◆ **Records for this exercise**:
===

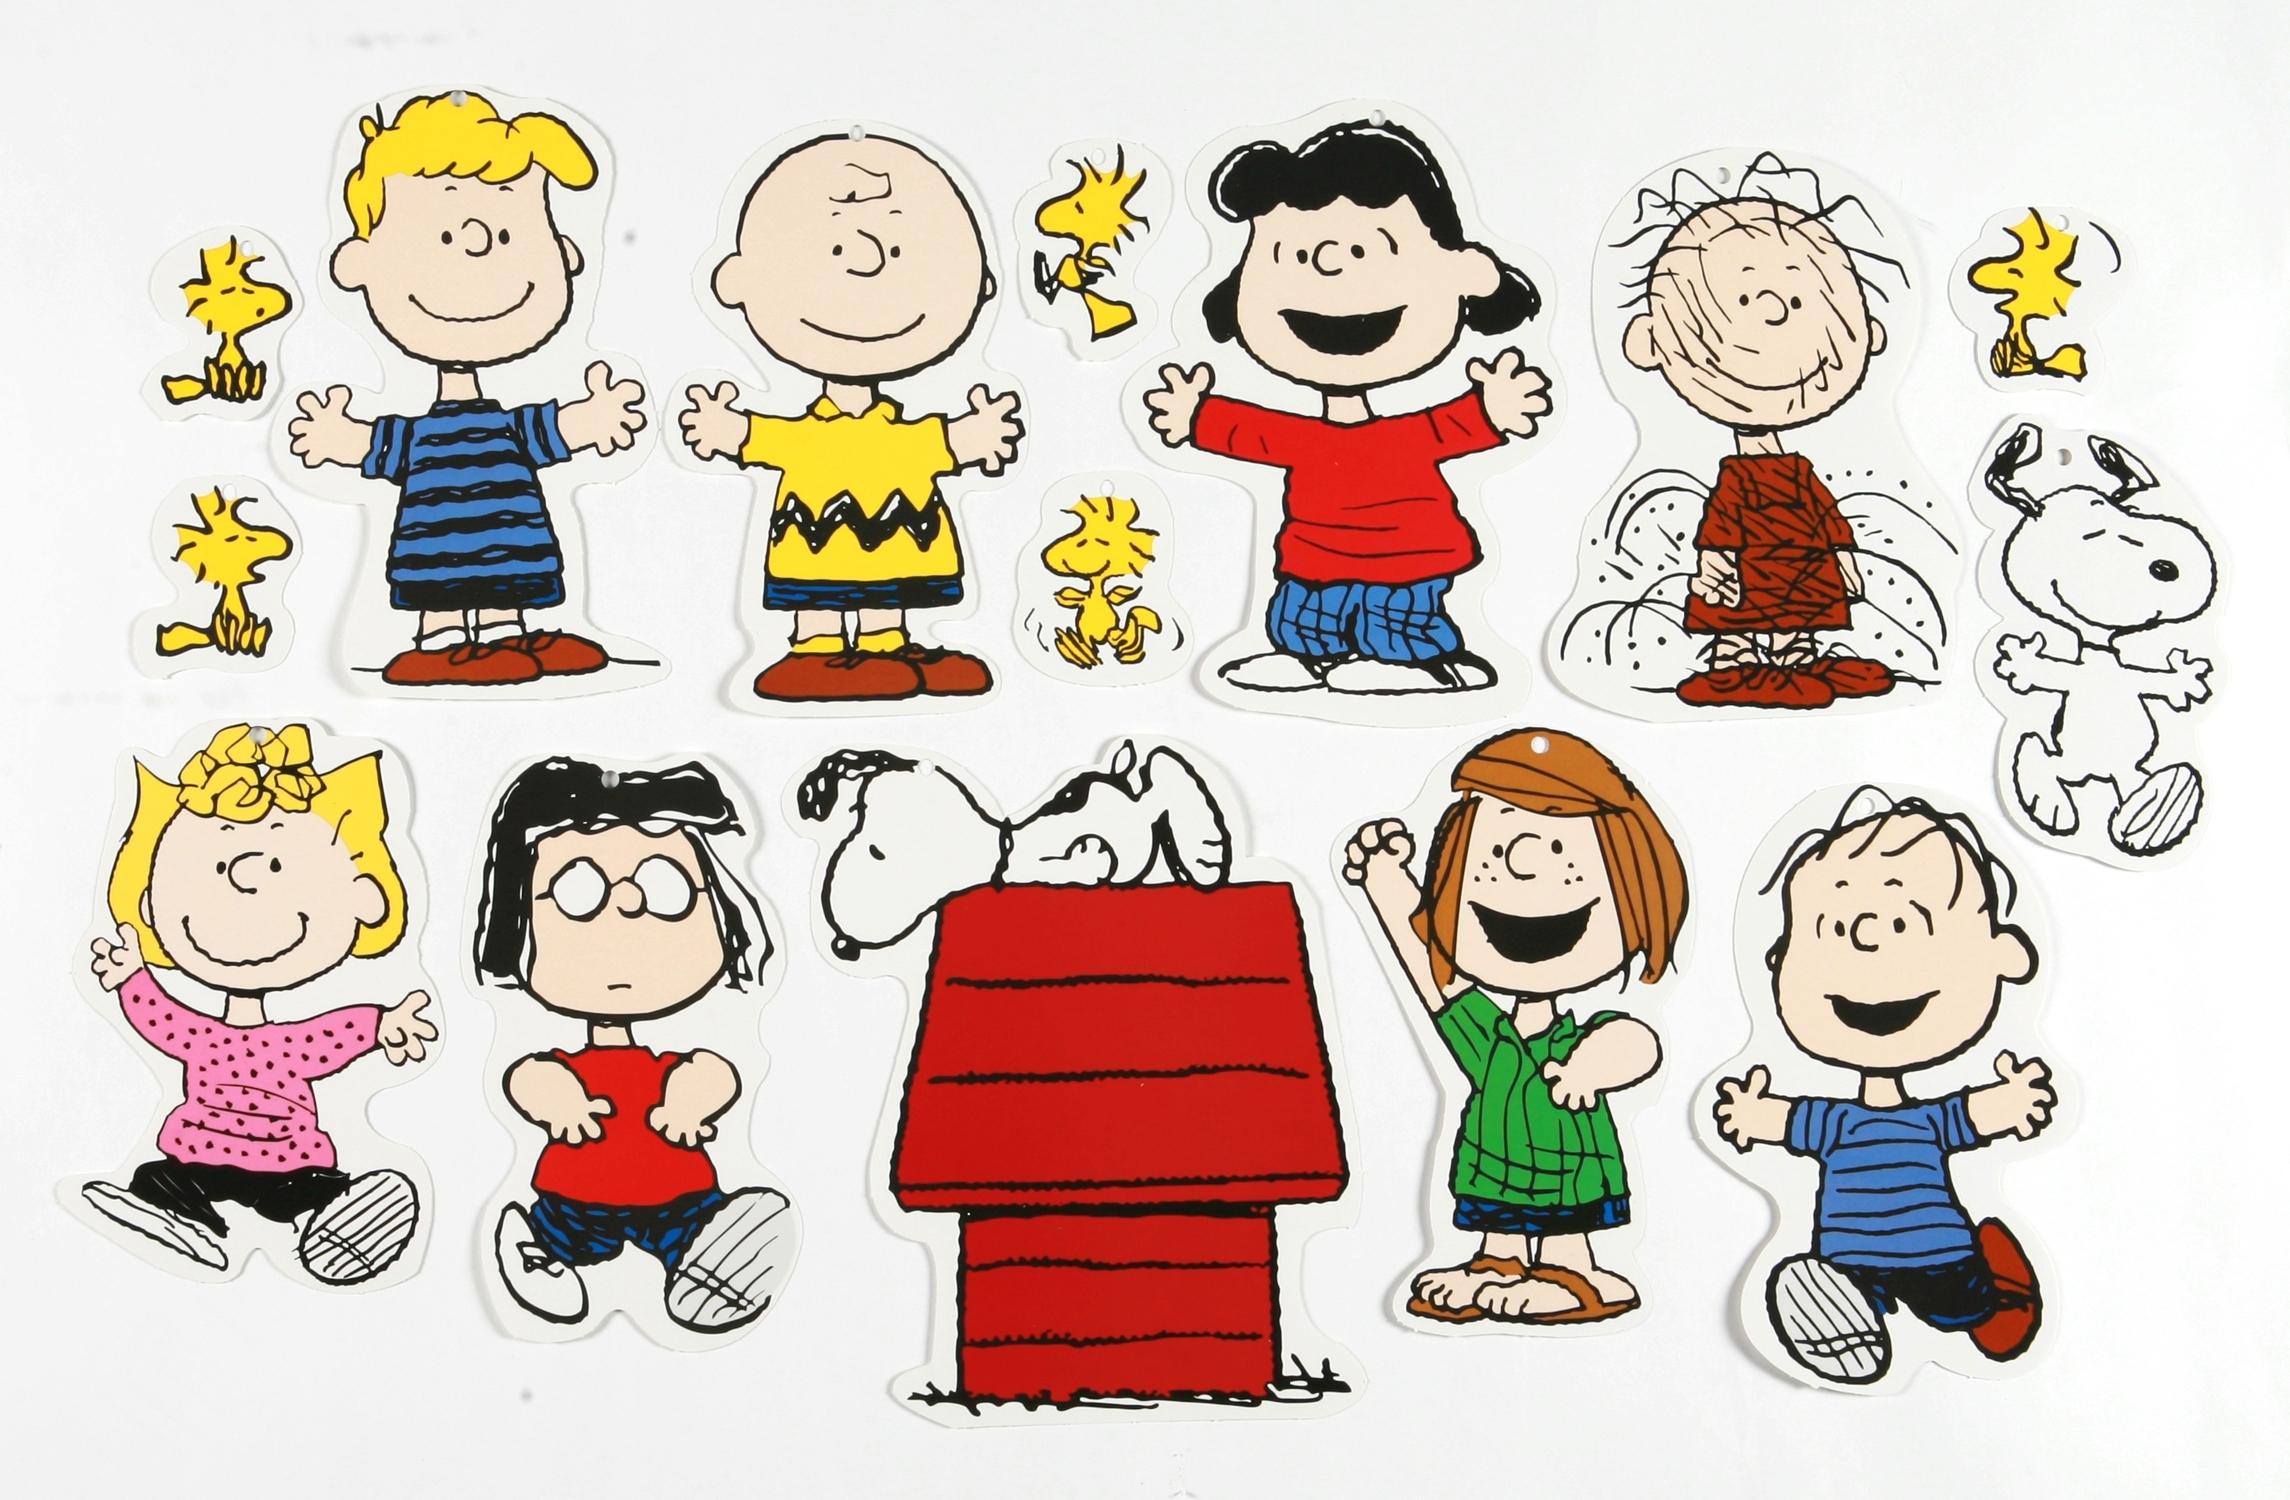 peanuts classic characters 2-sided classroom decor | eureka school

===

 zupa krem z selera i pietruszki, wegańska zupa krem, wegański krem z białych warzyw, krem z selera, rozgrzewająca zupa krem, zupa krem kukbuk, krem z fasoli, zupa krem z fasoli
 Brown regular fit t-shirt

===

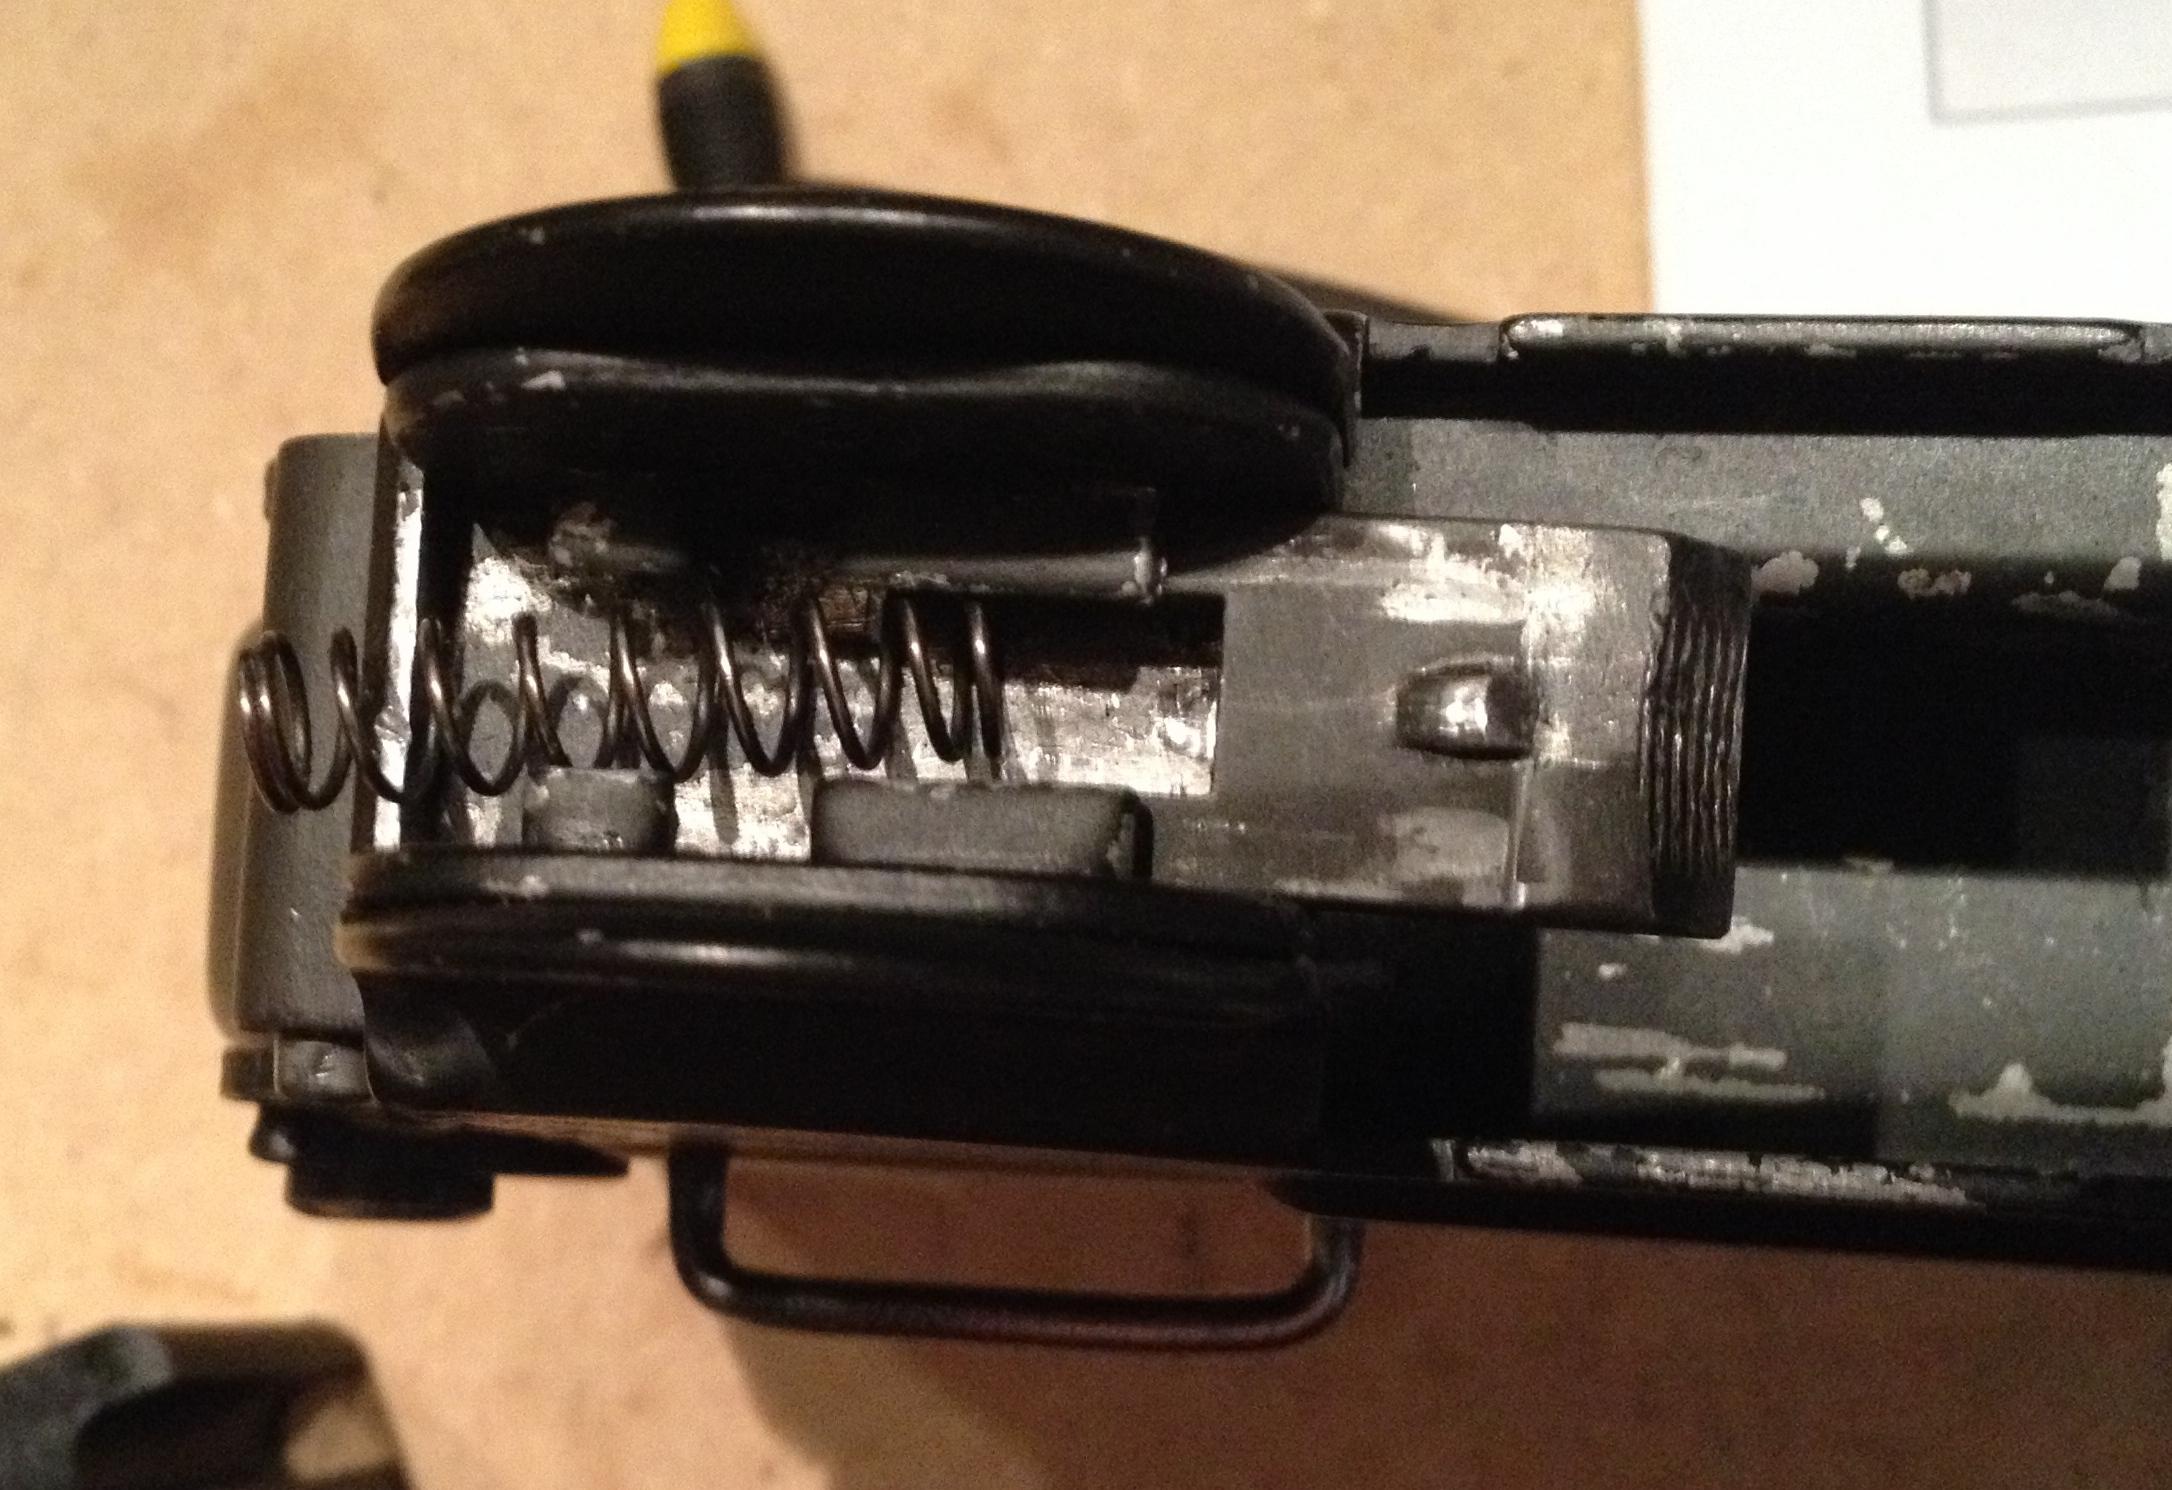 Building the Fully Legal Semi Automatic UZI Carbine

===

◆ **Work required**:
Would you please copy, word for word, everything above from the line containing "zupa krem z selera" down to the line containing "Brown regular fit t-shirt", those two lines included?

◆ **Answer for the task**:
 zupa krem z selera i pietruszki, wegańska zupa krem, wegański krem z białych warzyw, krem z selera, rozgrzewająca zupa krem, zupa krem kukbuk, krem z fasoli, zupa krem z fasoli
 Brown regular fit t-shirt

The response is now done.